Читаем Ночные журавли полностью

Слегка саданув его в плечо кулачком, теща ласково сощурилась, довольная своей строгостью. (А было время – когда дочь за него выдавала, – то впивалась в зятя глазами как-то даже ужалисто!)

Сколь силы еще в ней! На зароде – стоге сена – ей до сих пор замены нет. Легкая и шустрая, только и мелькает вилами, укладывая новые пласты, что накидывали ей снизу зять, дочь и внук. Конечно, жалуется потом на спину.

Сейчас уже все добрые хозяева тракторами косят, а они все по старинке – вручную! Потому что Кондратьевна не сдается. На покосе бегает в гору и с горы, как девчонка, – валки переворачивает для просушки, потом сено сгребает и таскает к стожку. Иной раз только спустится в балку к роднику, чтобы рассказать внукам: какая вкусная была здесь вода в ее детстве!

Вспомнив летний покос, они выпили еще, отгоняя ладонью мух от сладеньких стаканов. В такие минуты Кондратьевна вспоминала своего покойного супруга:

– Я как мужа схоронила, так и жить-то начала!

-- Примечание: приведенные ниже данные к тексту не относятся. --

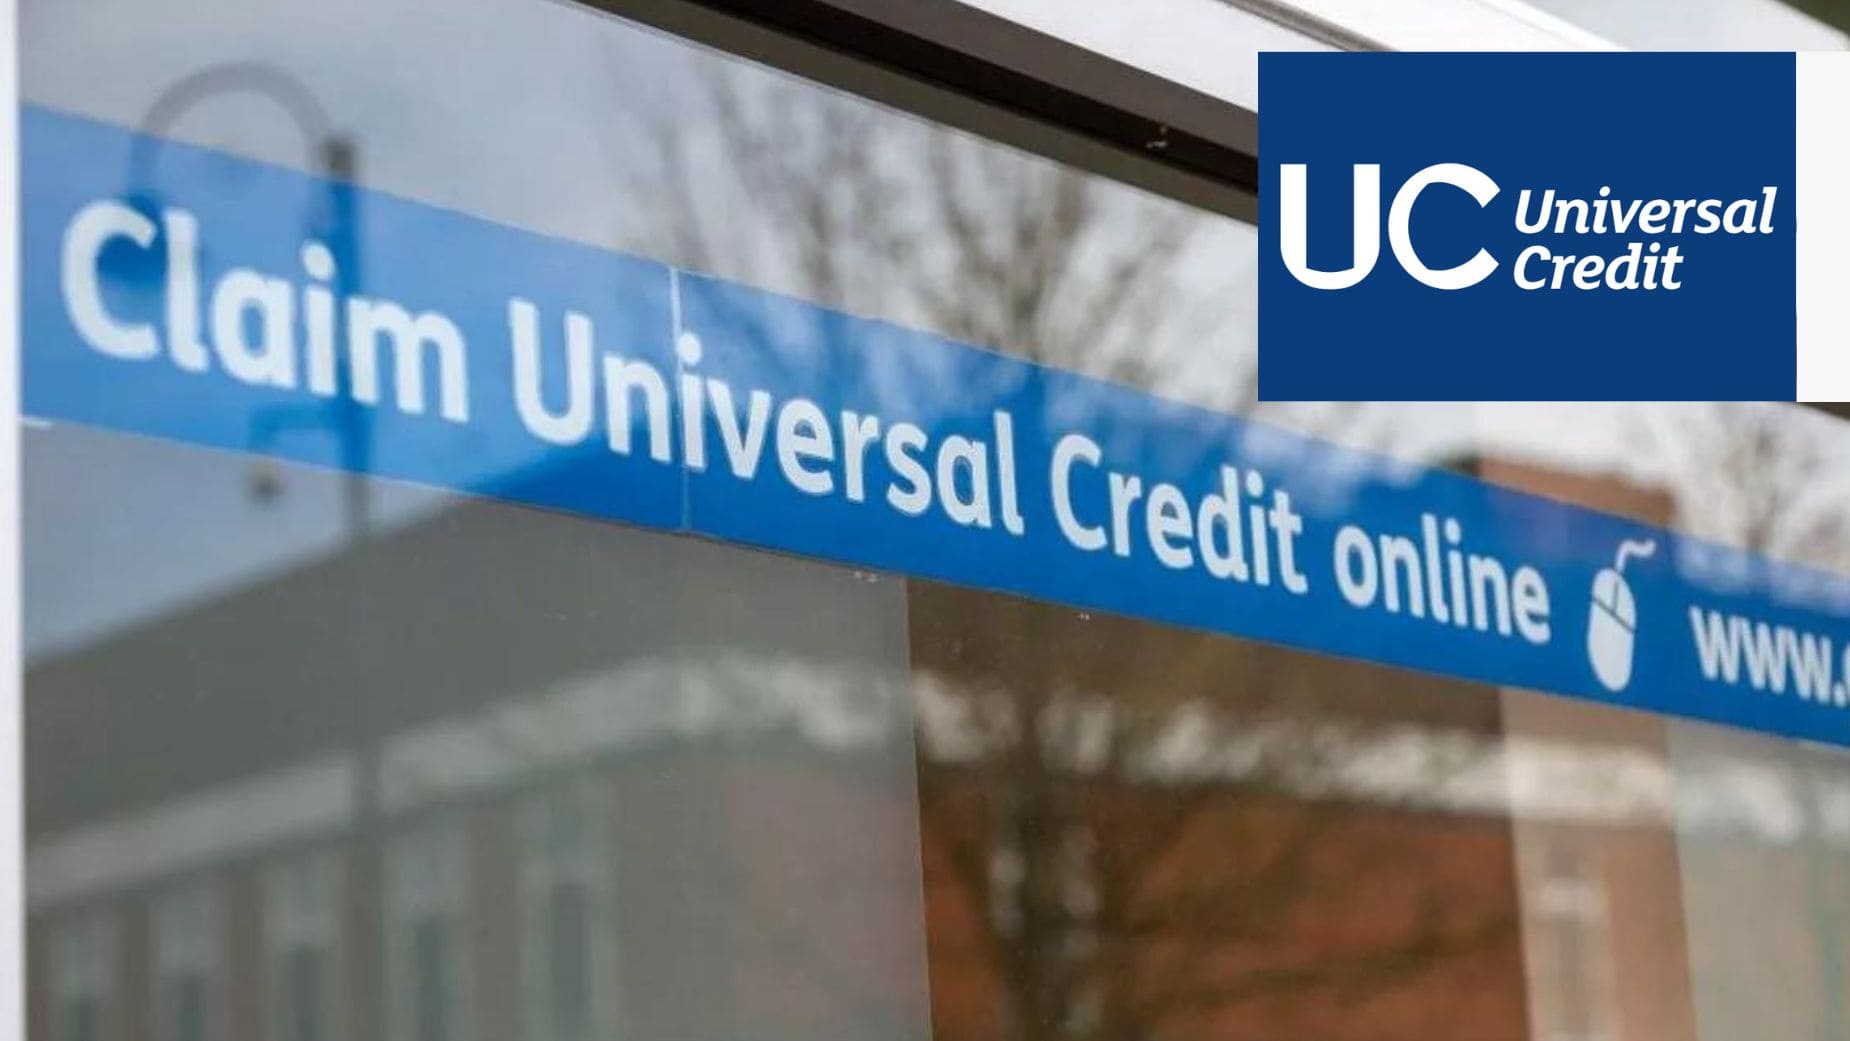 Changes to Universal Credit: DWP warns 600,000 households to make major changes

Муж был шофером и нрава буйного.

– Слава богу, прибрал его… Боялась, страсть! У его в кажной деревне бабенка имелась. А как приезжал из рейсу, так и гонял меня! То ли те шибче любили, то ли сына родить ему сулили!.. Мы даже в лес от него бегали с дочками, прятались.

– Так уж и управы не было? – сочувствовал зять.

– Случалось!

Теща неожиданно зашлась в кашле, сотрясаясь сухой грудью. Потом сказала с легким сердцем:

– Баню раз стопили. А Надюха твоя, бедовая была девчонка, прокралась в баню-то и натерла полок жгучим перцем!..

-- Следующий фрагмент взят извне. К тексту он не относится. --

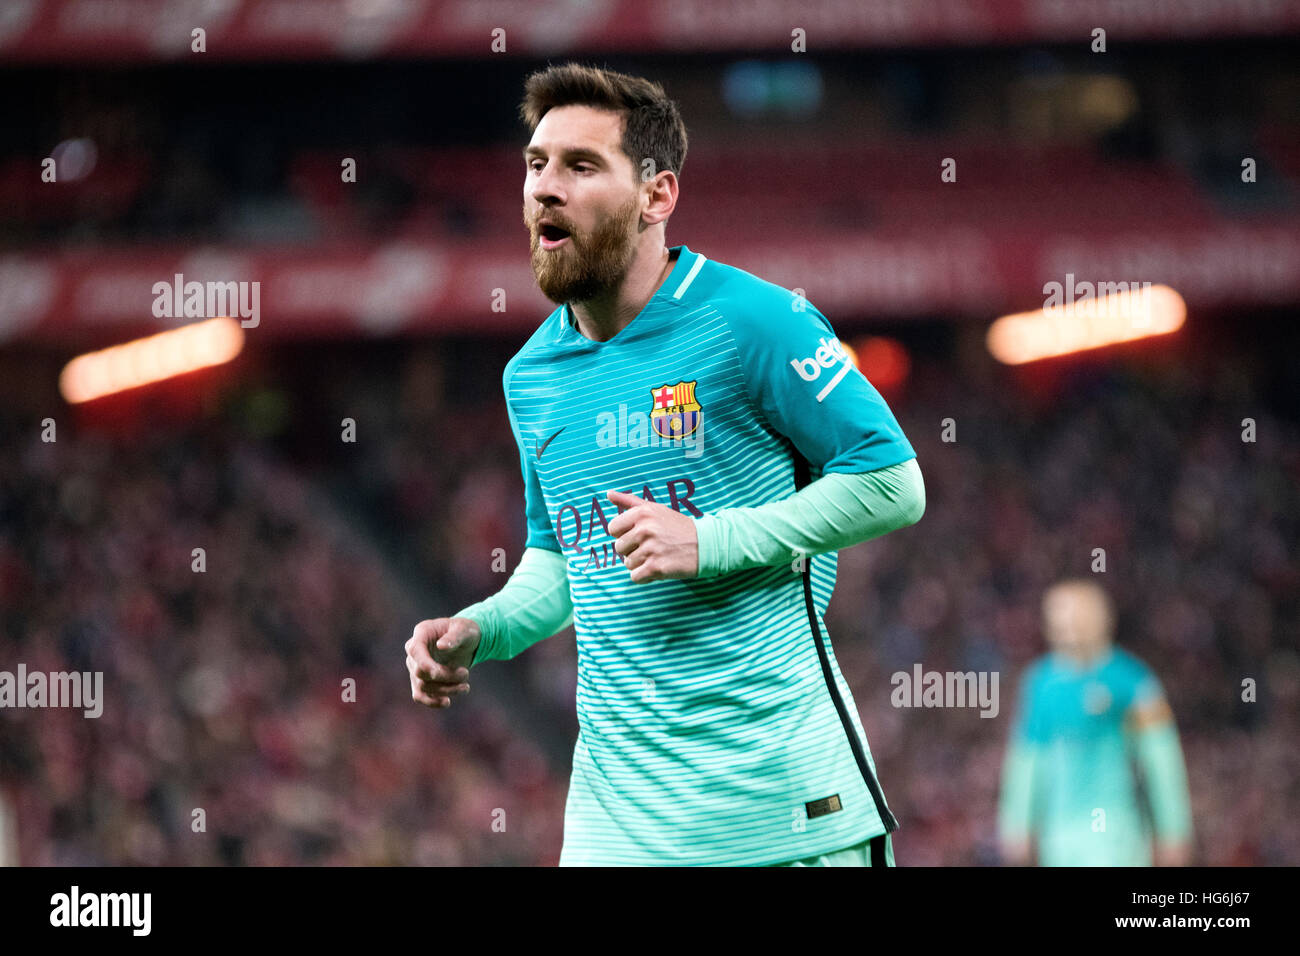 Lionel Messi Barcelona High Resolution Stock Photography and Images - Alamy

Старушка поерзала на табурете, изображая мужа на полке. И будто сама потихоньку к нему присела.

– Да, вот так и жили-пожили, щастье удили! А только девок наплодили…

Женился Вася на младшей дочери и не сразу понял, что взял в приданое несчастливую долю чужой семьи. Молод был – подтрунивал, сильным был – успокаивал. С годами устал – просто соглашался.

Но на судьбу никогда не пенял.

– Не было мне счастья с детства, – углубилась старушка в прожитую жизнь, сметая крошки со стола в ладонь. – Отец от нас ушел, када я маленькой была! Завел другую семью и бросил нас, папка-то! Только брата и взял с собой. Зажиточный был, кузнецом робил, пасеку свою имел… Мамка опосля попивать стала, своевольничать почём зря, на свободе-то спортилась…

В тишине избы скрипнула половица. Это рыжий кот прыгнул хозяйке на колени; потерся сухопарой мордой, метя слюнкой ее морщинистое запястье.

Теща всхлипнула, привычно не понимая всего того, что касалось отца:

– Да ты видел его этим летом, приезжал ко мне отец-то. Может, в последний раз виделись, старенький уж совсем! Волоски ерошутся на ветру, как из машины вылез… Брат подкатил, любо глядеть! Прощения у меня просил батька-то: мол, прости, Люба! Взял бы тогда к себе, можа, по-другому у тебя жизнь сложилась!..

19

Сказала грустно. Сжалась, потемнела, как прошлогодняя мерзлая картошка: дряблая снаружи и прозрачная внутри.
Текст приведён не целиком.